3. FUNDING. Amounts payable under this Agreement shall be “unfunded,” as that term is used in Sections 201(2), 30l(a)(3), 401(a)(1) and 4021(b)(6) of the Employee Retirement Income Security Act of 1974, as amended (“ERISA”), with respect to unfunded plans maintained primarily for the purpose of providing deferred compensation to a select group of management or highly compensated employees. Accordingly, the Bank shall not be required to segregate or earmark any of its assets for the benefit of the Director or his beneficiary(ies), and each such person shall have only a contractual right against the Bank for amounts payable hereunder. The rights and interests of the Director or his beneficiary(ies) shall not be subject in any manner to anticipation, alienation, sale, transfer, assignment, pledge or encumbrance by the Director or any person claiming under or through the Director, nor shall they be subject to the debts, contracts, liabilities or torts of the Director or anyone else prior to payment other than the claims of the creditors of the Bank to the assets of the Bank.

4. MISCELLANEOUS.

(a) The Bank and the Director acknowledge that this Agreement supersedes the 1987 Deferred Compensation Agreement and the 1990 Deferred Compensation Agreement, which are

 

-4-


amended and restated in their entirety as this Agreement. Except for the 1987 Deferred Compensation Agreement and the 1990 Deferred Compensation Agreement, this Agreement shall not supersede any other contract, whether oral or written, between the Bank and the Director, nor shall it affect or impair the rights and obligations of the Bank and the Director, respectively, thereunder. Nothing contained herein shall impose any obligation on the Bank to continue the employment or service of the Director.

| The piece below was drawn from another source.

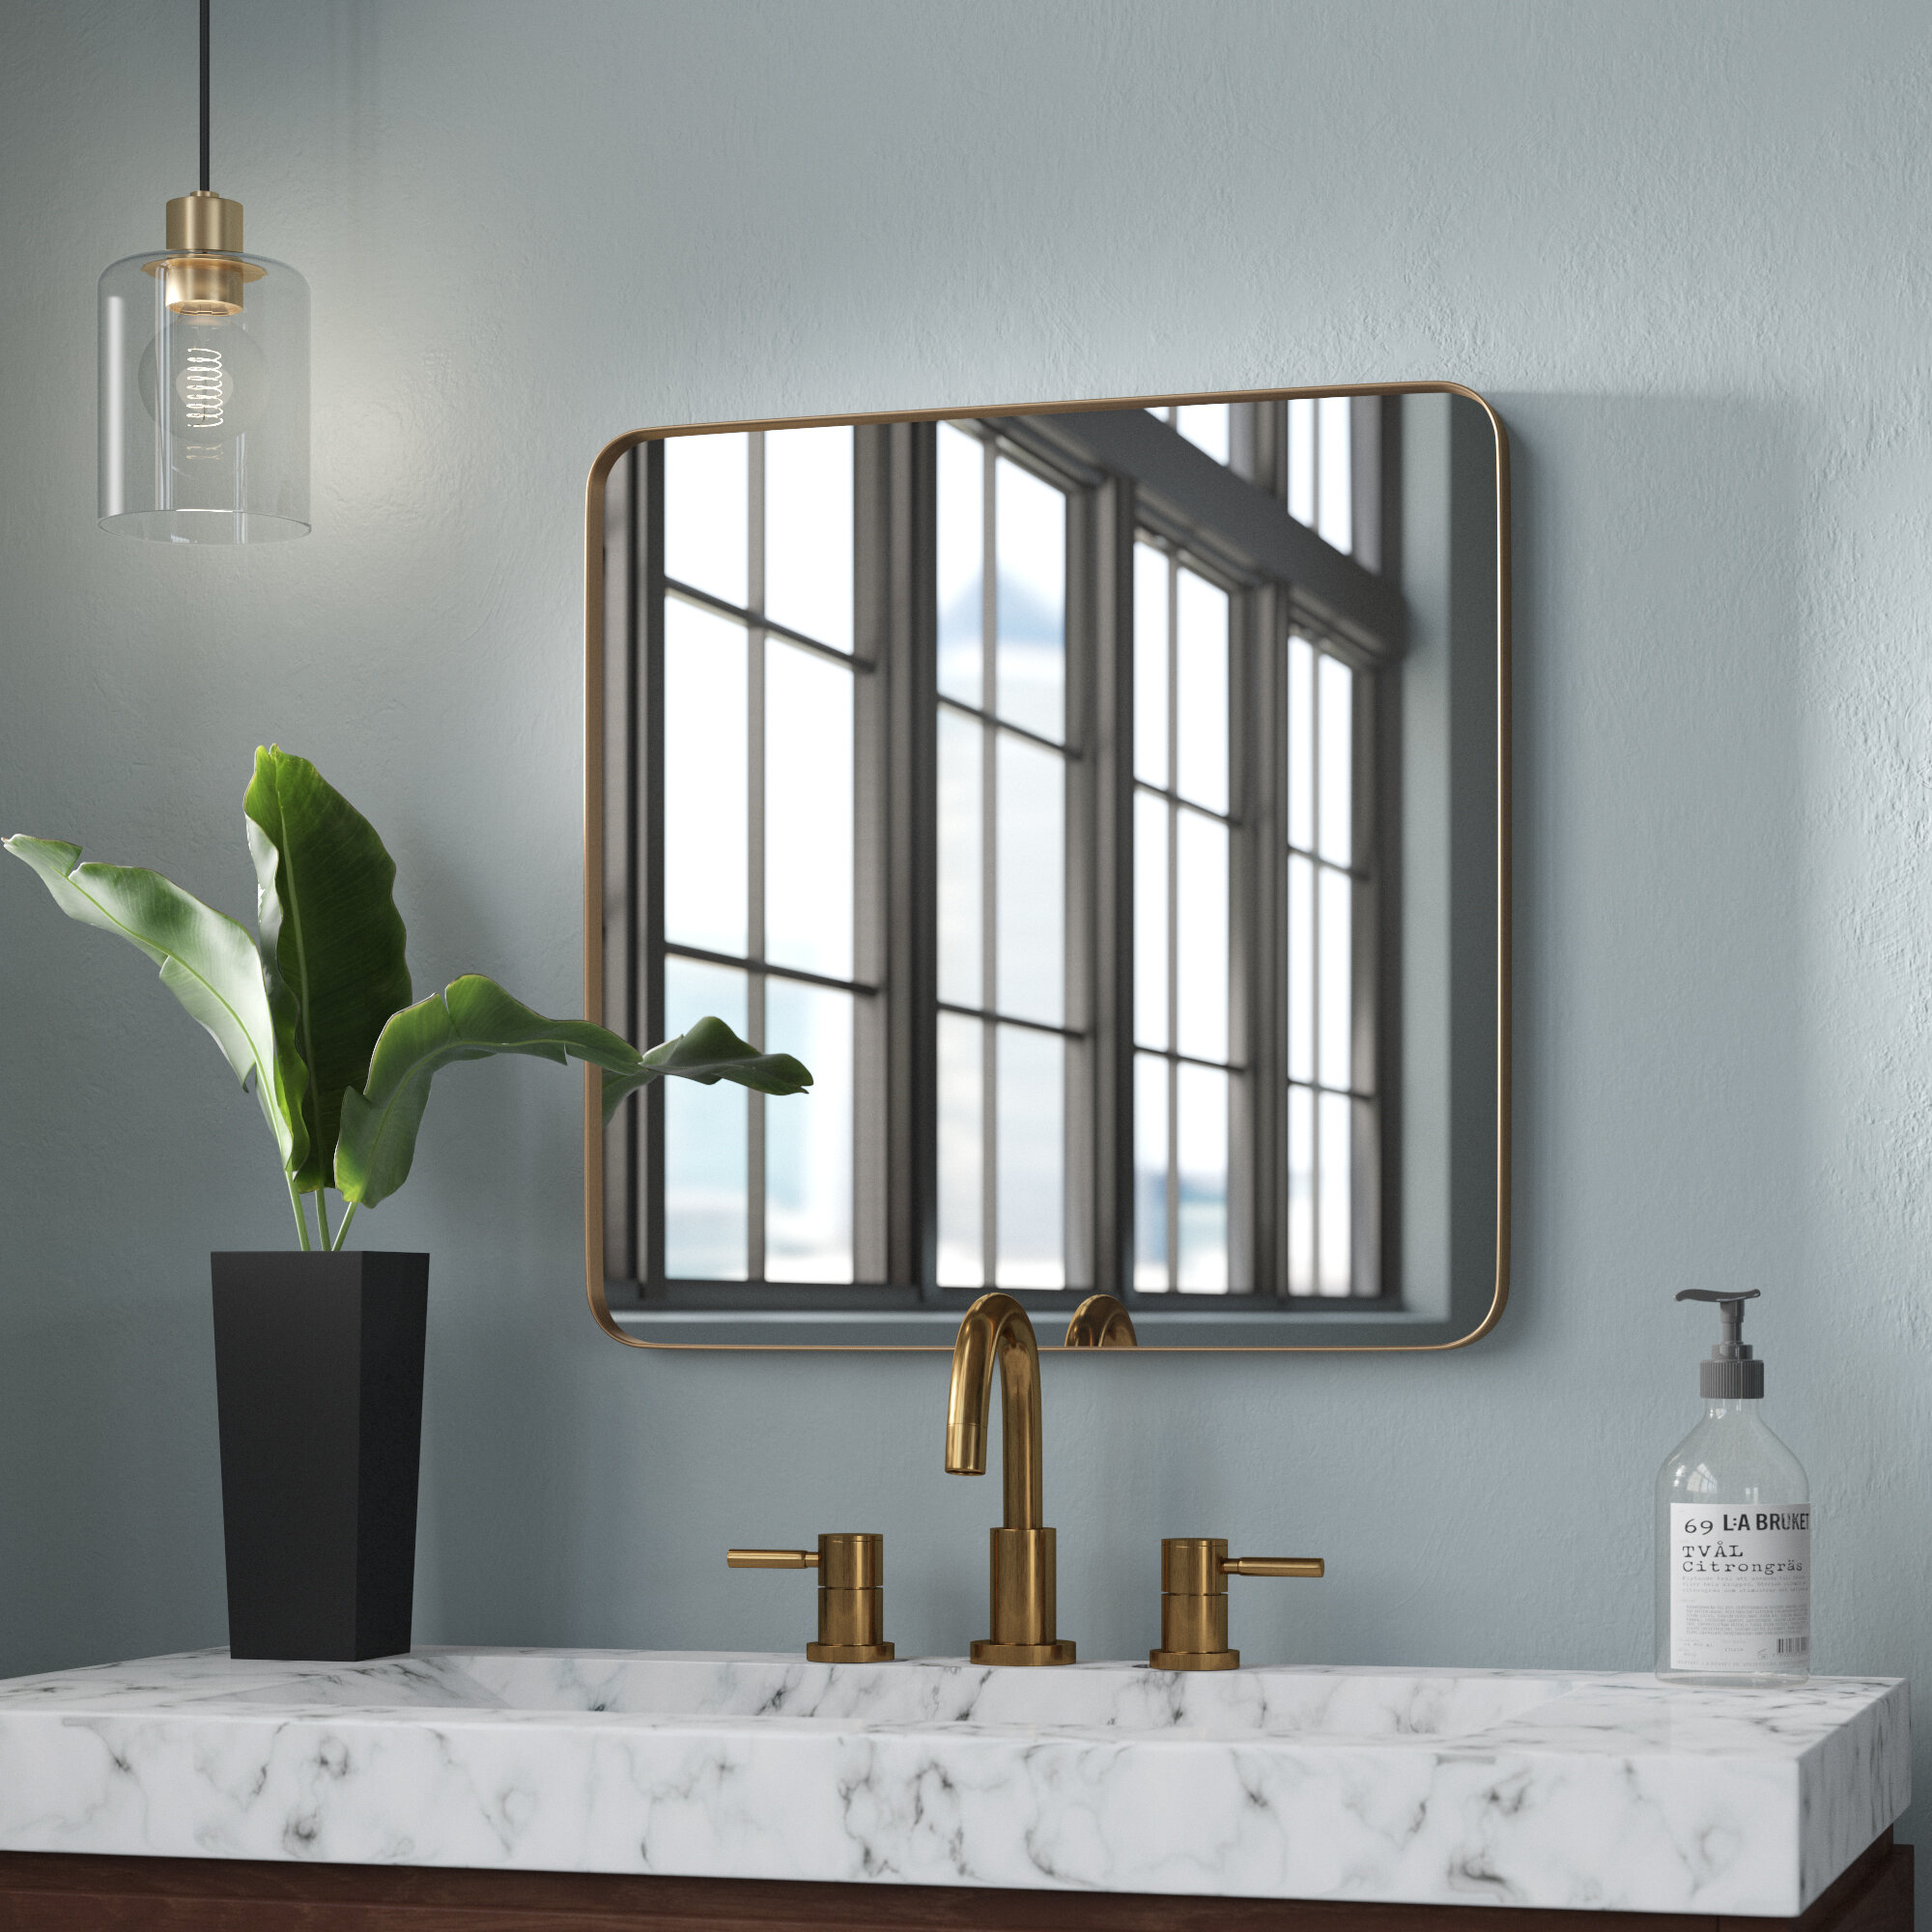 Morita Rectangle Metal Accent Mirror With Lugo Rectangle Accent Mirrors (Image 16 of 20)

(b) This Agreement shall be binding upon and inure to the benefit of the Director, his designees, heirs and legal representatives and upon the Bank and any successor to the Bank, including any successor arising in the event of the merger or consolidation of the Bank with or into any other entity, or the disposition of all or substantially all of the assets of the Bank.

(c) This Agreement shall be executed in duplicate, and each executed copy of this Agreement shall be deemed an original.

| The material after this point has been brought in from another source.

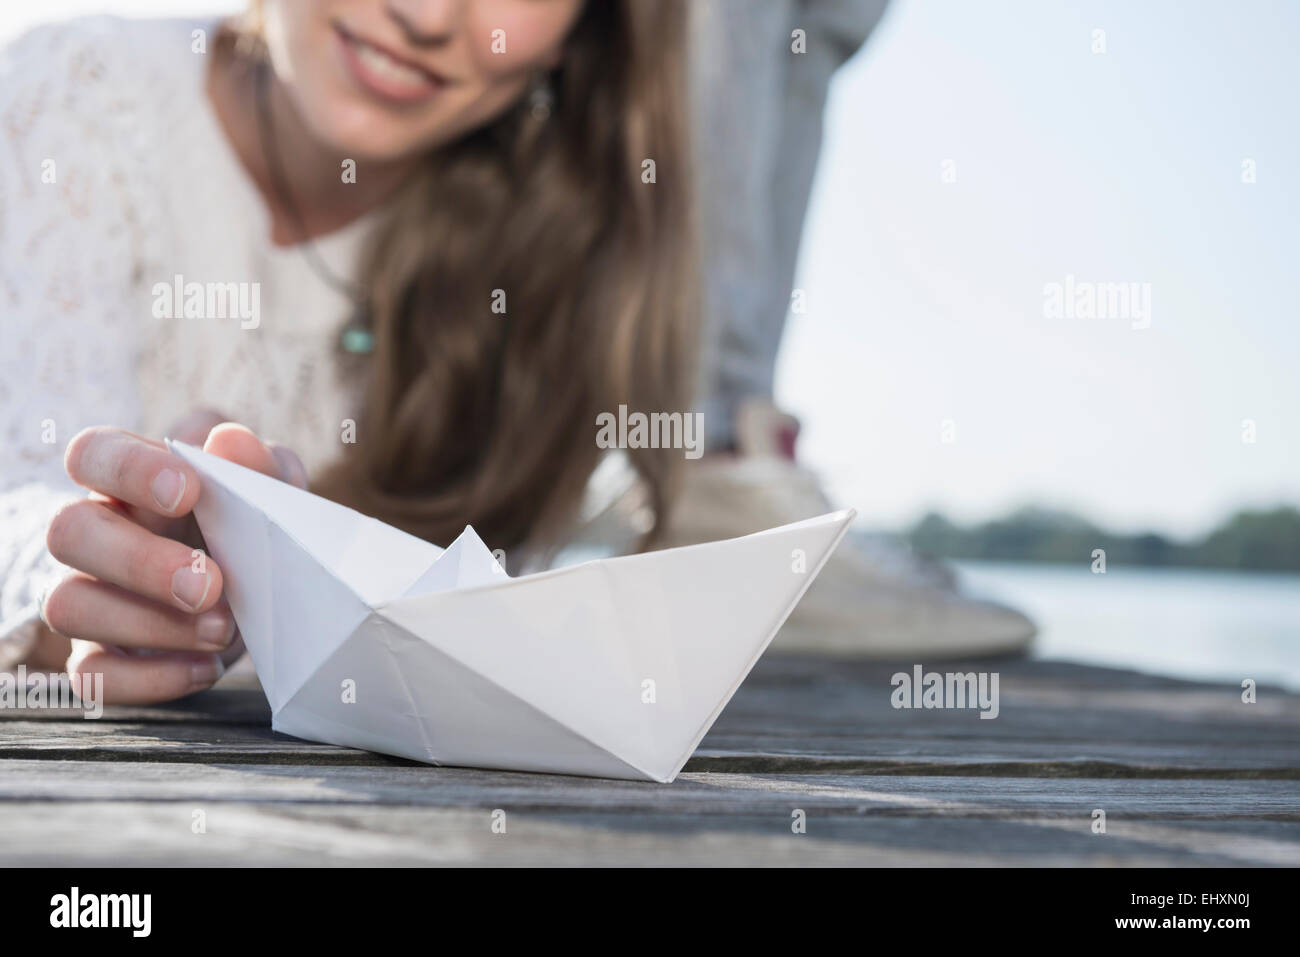 Frau mit weißem Papier Boot Detail hautnah Stockbild

(d) This Agreement shall be governed by and construed in accordance with the laws of the State of Connecticut, without reference to principles of conflict of laws.

(e) This Agreement may not be amended or modified otherwise than by a written agreement executed by the parties hereto or their respective successors and legal representatives.

 

-5-


(f) The invalidity or unenforceability of any provision of this Agreement shall not affect the validity or enforceability of any other provision of this Agreement.

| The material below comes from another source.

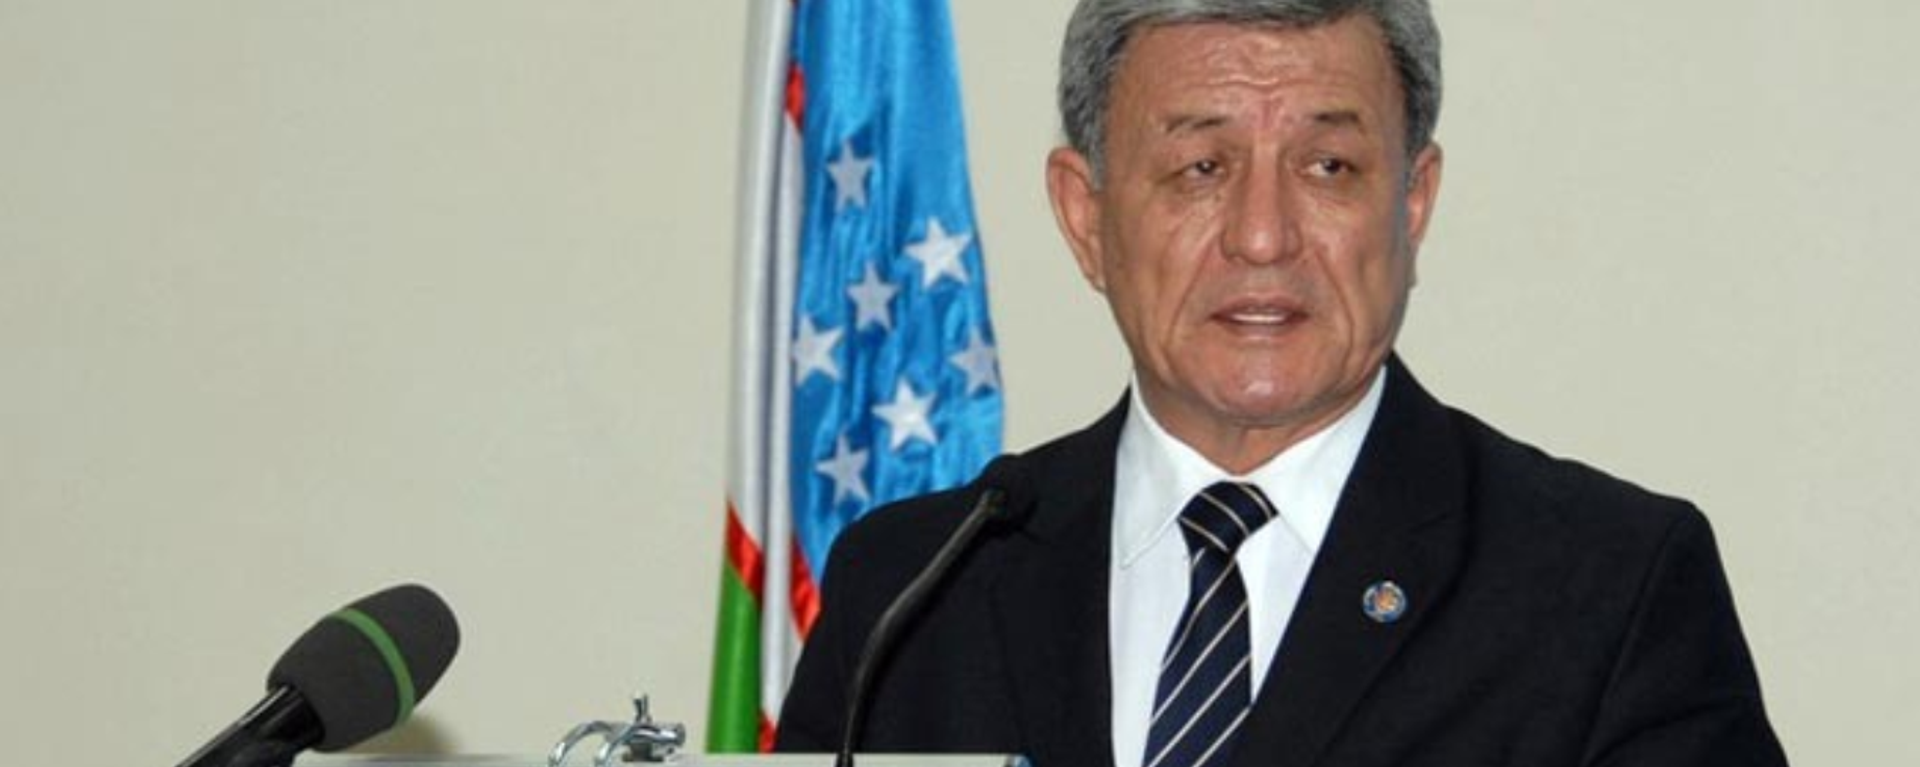 Кандидат в президенты Узбекистана от партии Адолат Нариман Умаров - Sputnik Узбекистан, 1920, 02.11.2016

IN WITNESS WHEREOF, the parties hereto have caused this Agreement to be duly executed as of the date first above written.

 

  The Norwich Savings Society

  By  

Witness   Its   President and Chief Executive Officer

   

Witness     Jeremiah J. Lowney

 

-6-


EXHIBIT A

BENEFICIARY DESIGNATION

In accordance with the provisions of Section 2 of the Agreement to which this Exhibit A is attached, I hereby designate the person(s) named below, if living at the time of my death, to receive the undistributed amounts payable to me under the Agreement:

 

Primary

Beneficiary(ies)

  VIRGINIA W. LOWNEY
 

 

If more than one person is designated as Primary Beneficiary, the undistributed amount payable to me under the Agreement shall be paid in equal shares to those so designated. If no Primary Beneficiary survives me, the following persons, if living at the time of my death, shall receive in equal shares the undistributed amounts payable to me under the Agreement:

 

Contingent

Beneficiary(ies)

  Lowney Irrevocable Trust
  7 Robert Las xxx, CPA xxx

Dated at Norwich, Conn, this 18 day of Feb, 1998.